RECORDS PROVIDED: Begin
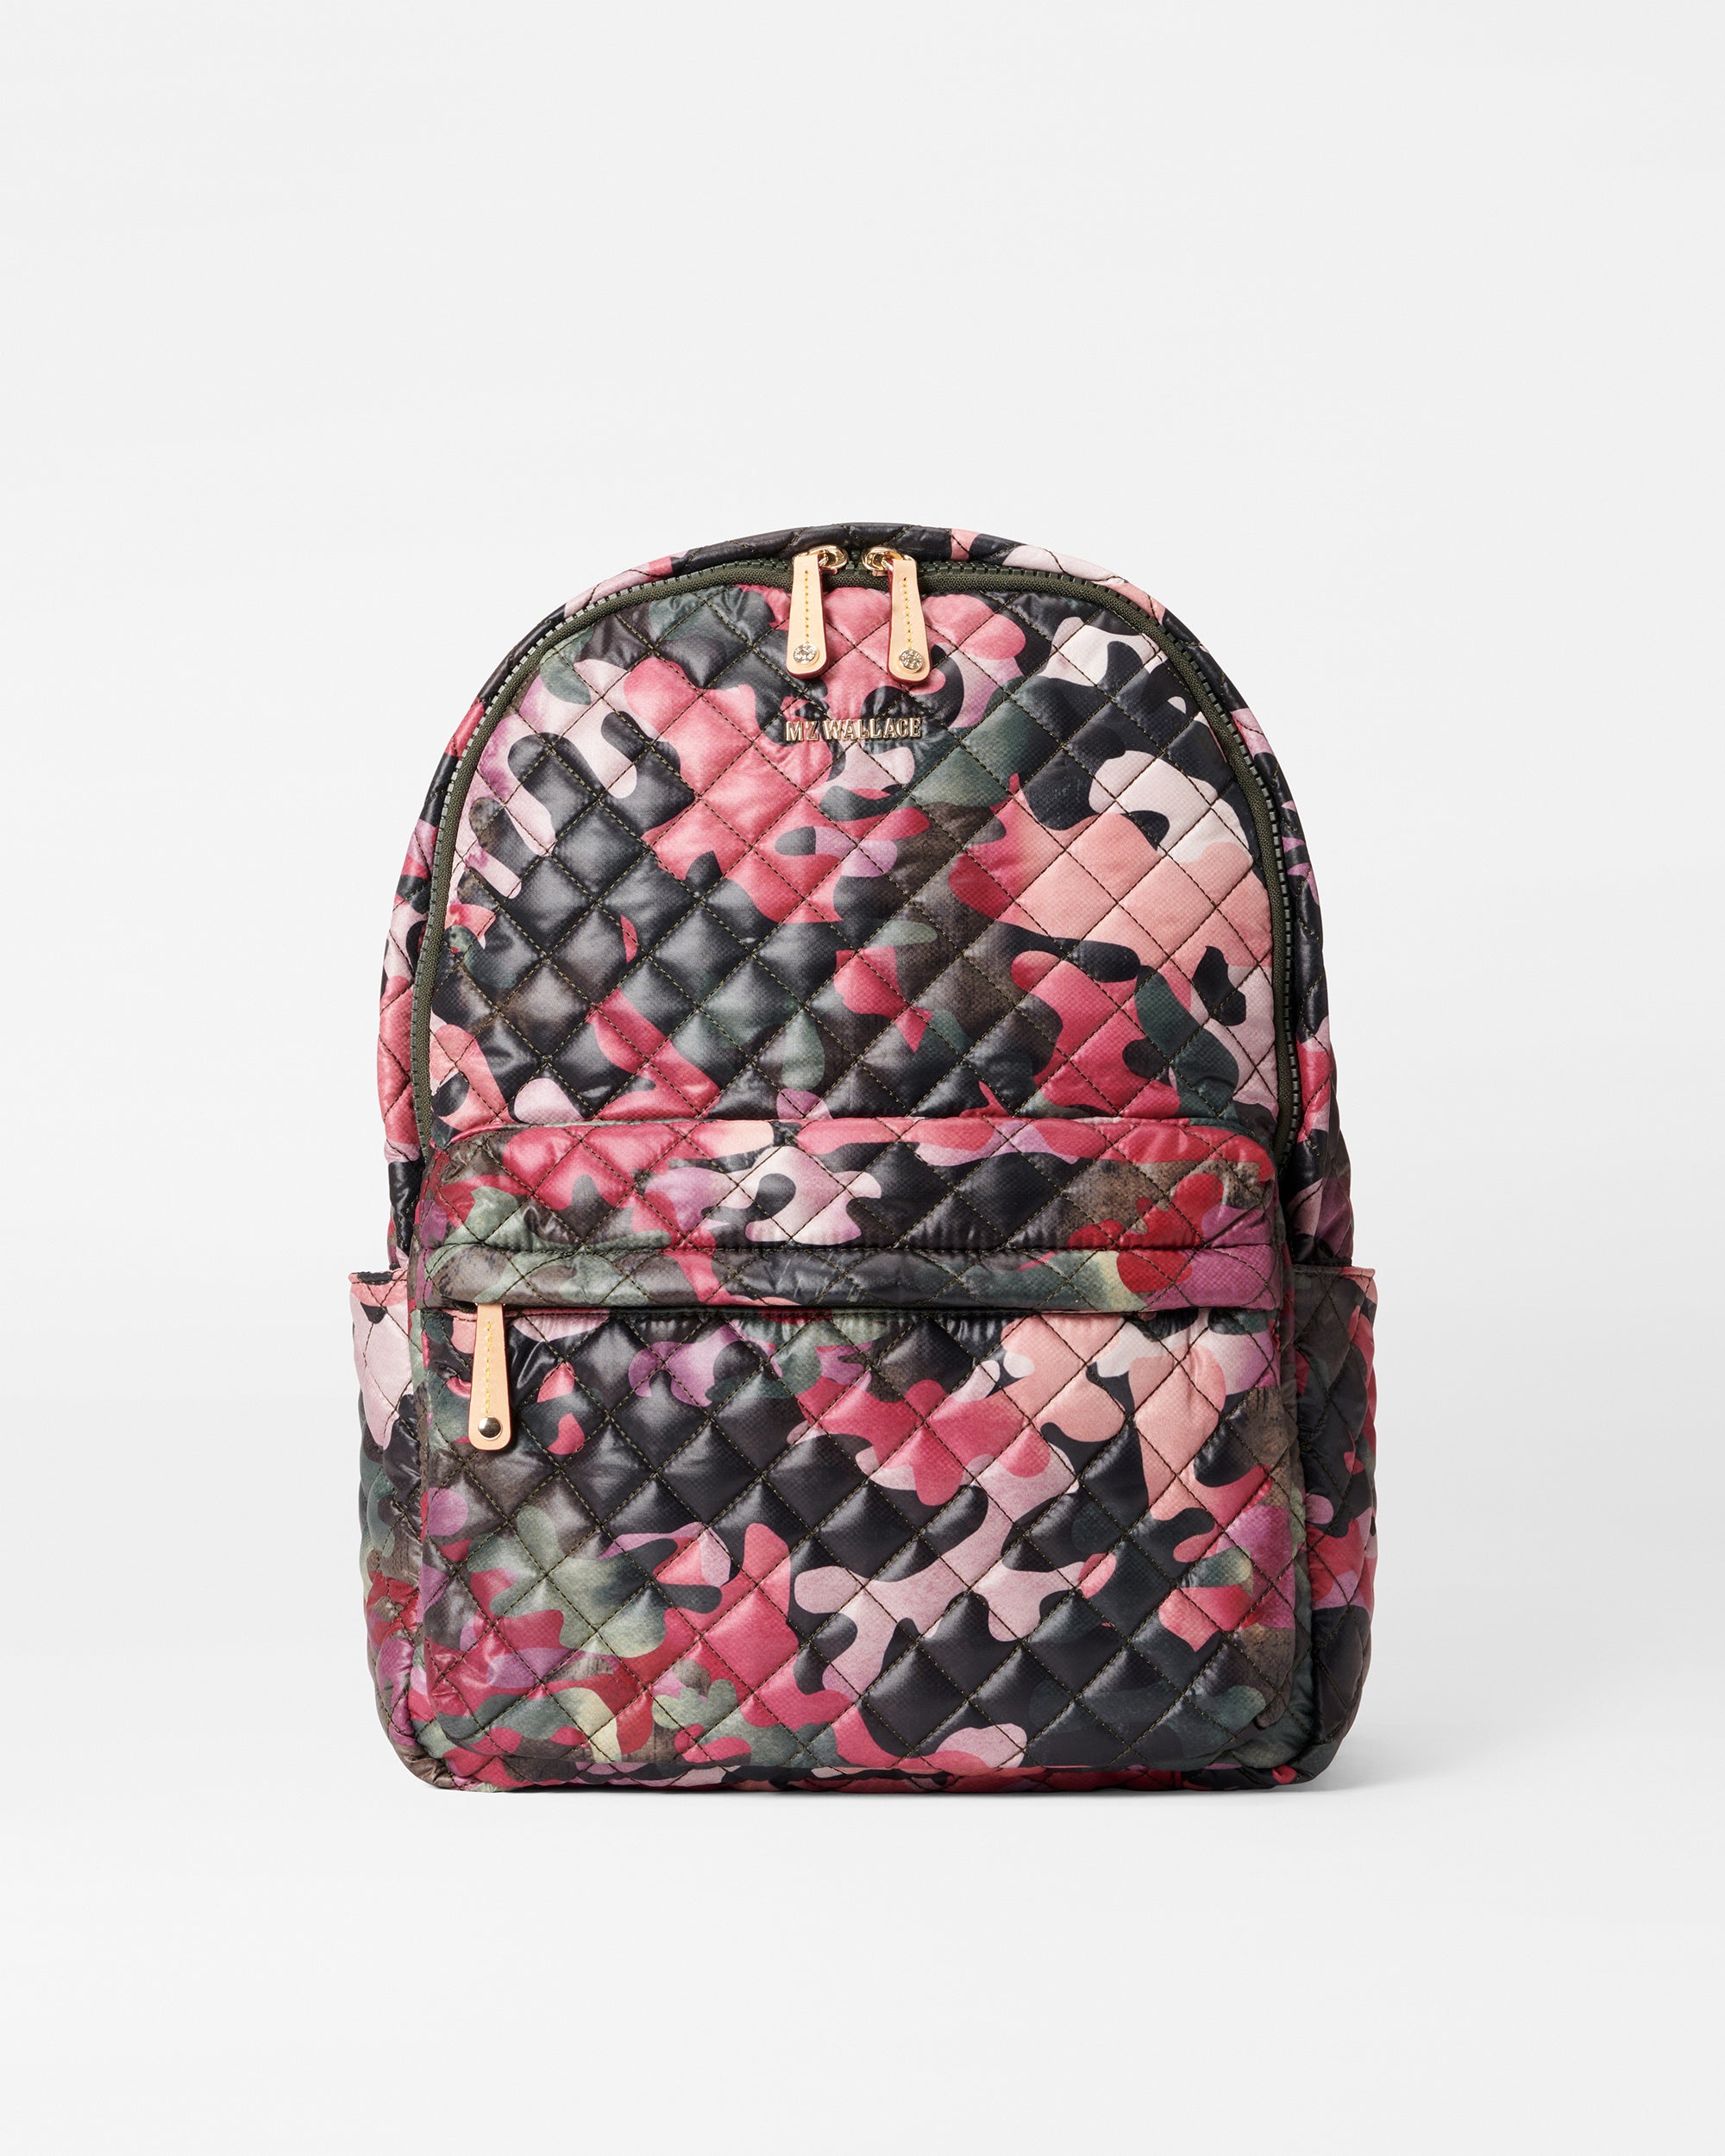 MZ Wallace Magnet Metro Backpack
RECORDS PROVIDED: End
RECORDS PROVIDED: Begin
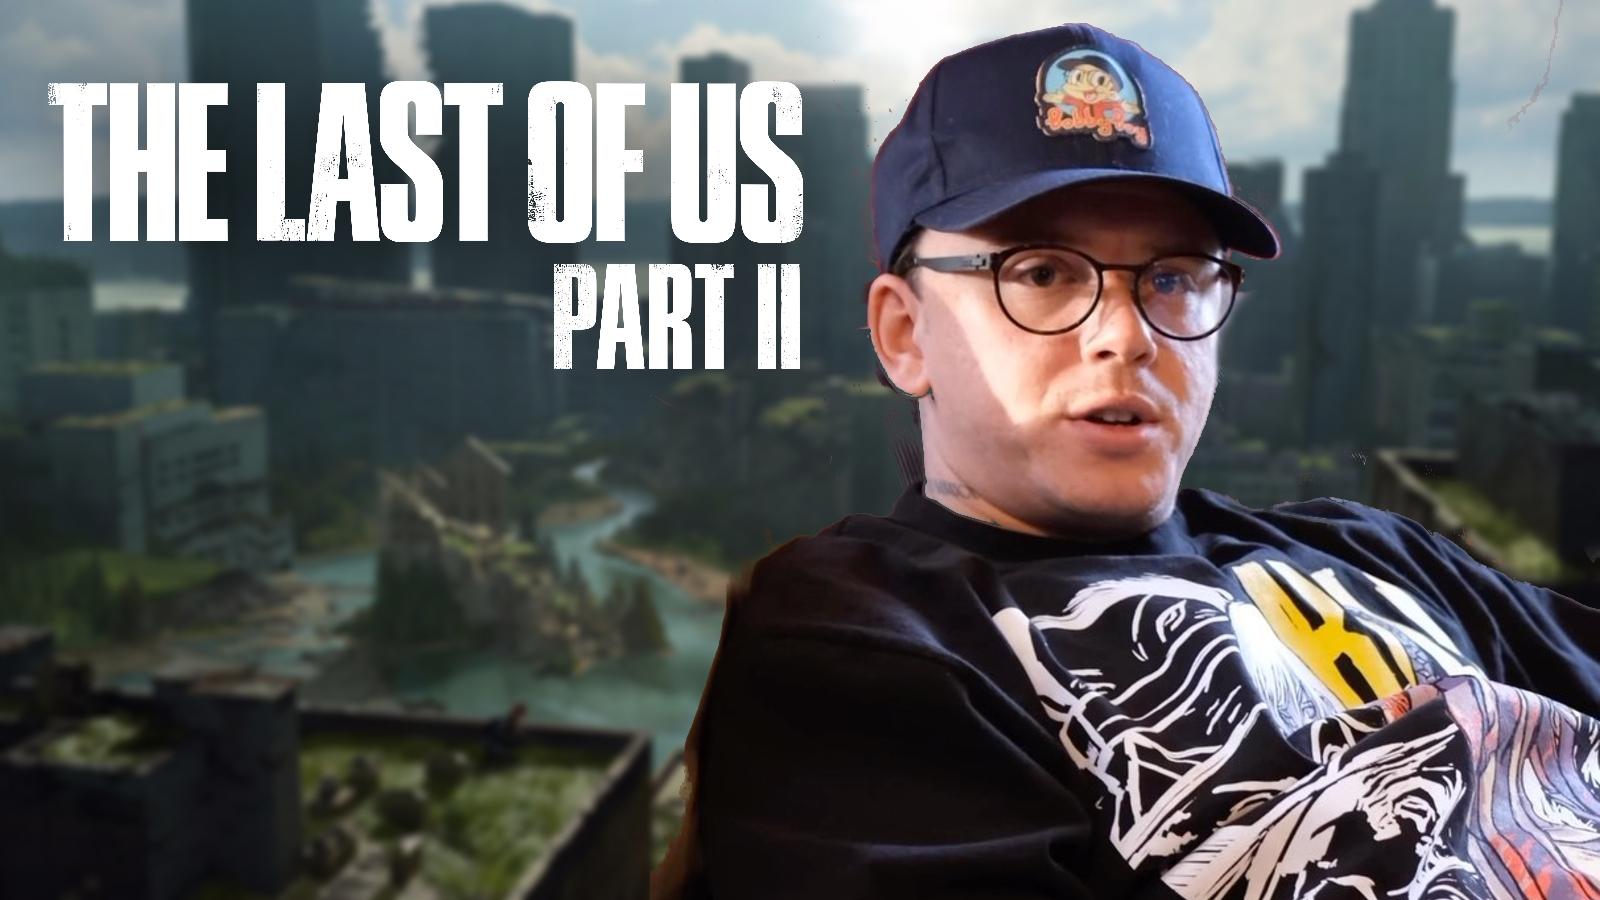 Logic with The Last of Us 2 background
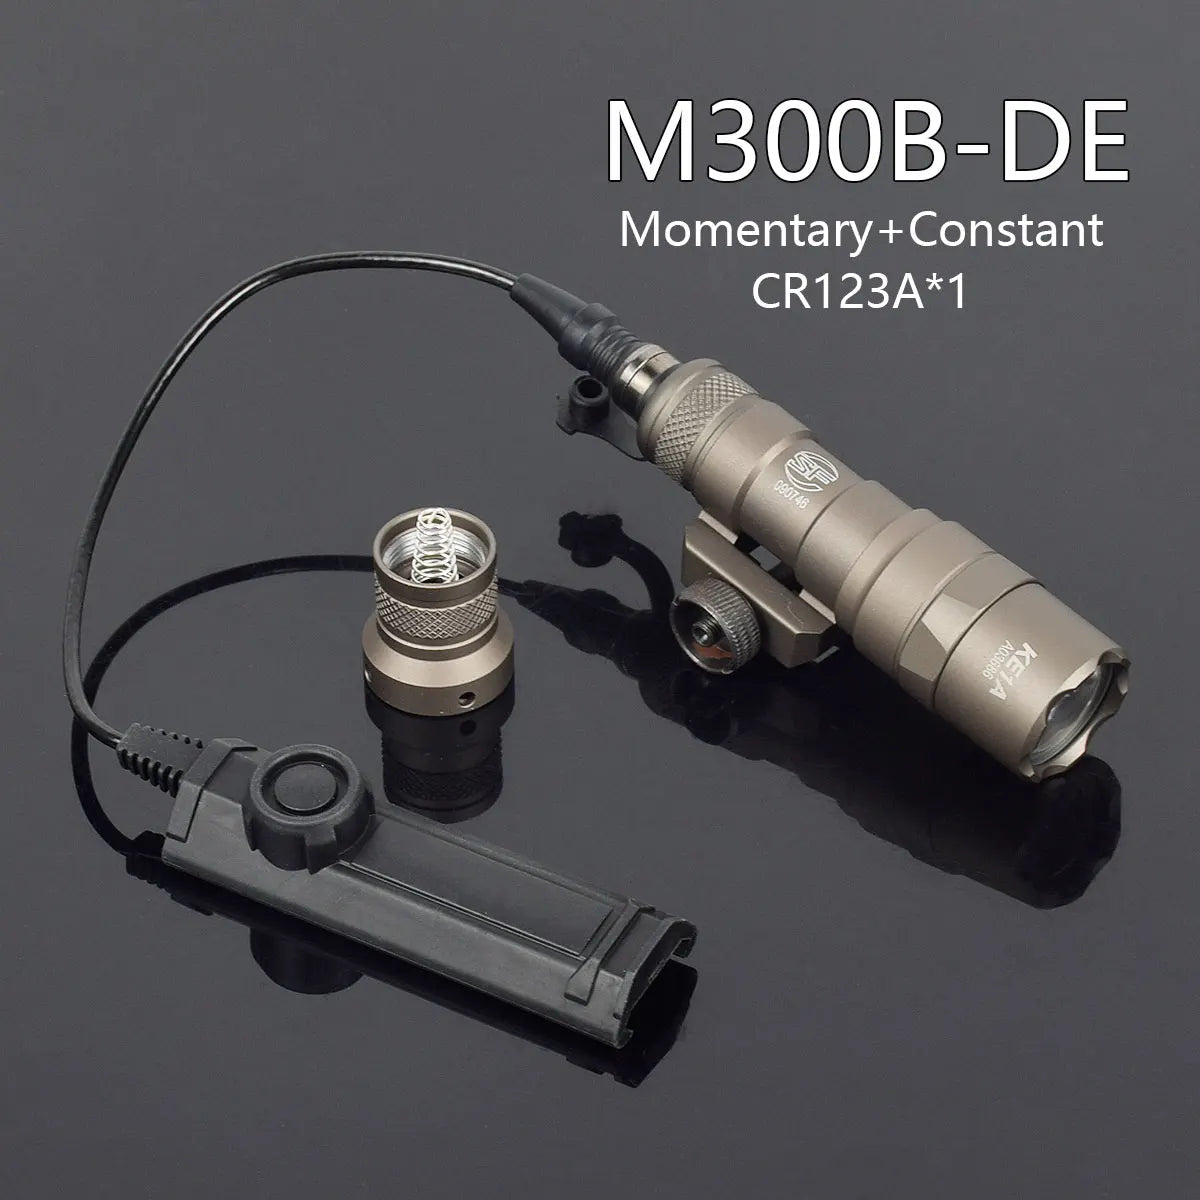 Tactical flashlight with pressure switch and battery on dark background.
RECORDS PROVIDED: End
TASK INSTRUCTIONS
Working from the entries above, reproduce exactly and only the lines beginning with the line that has "Logic with The Last of Us 2 background" and ending with the line that has "Tactical flashlight with"; omit all pictures.

EXPECTED ANSWER
 Logic with The Last of Us 2 background
 Tactical flashlight with pressure switch and battery on dark background.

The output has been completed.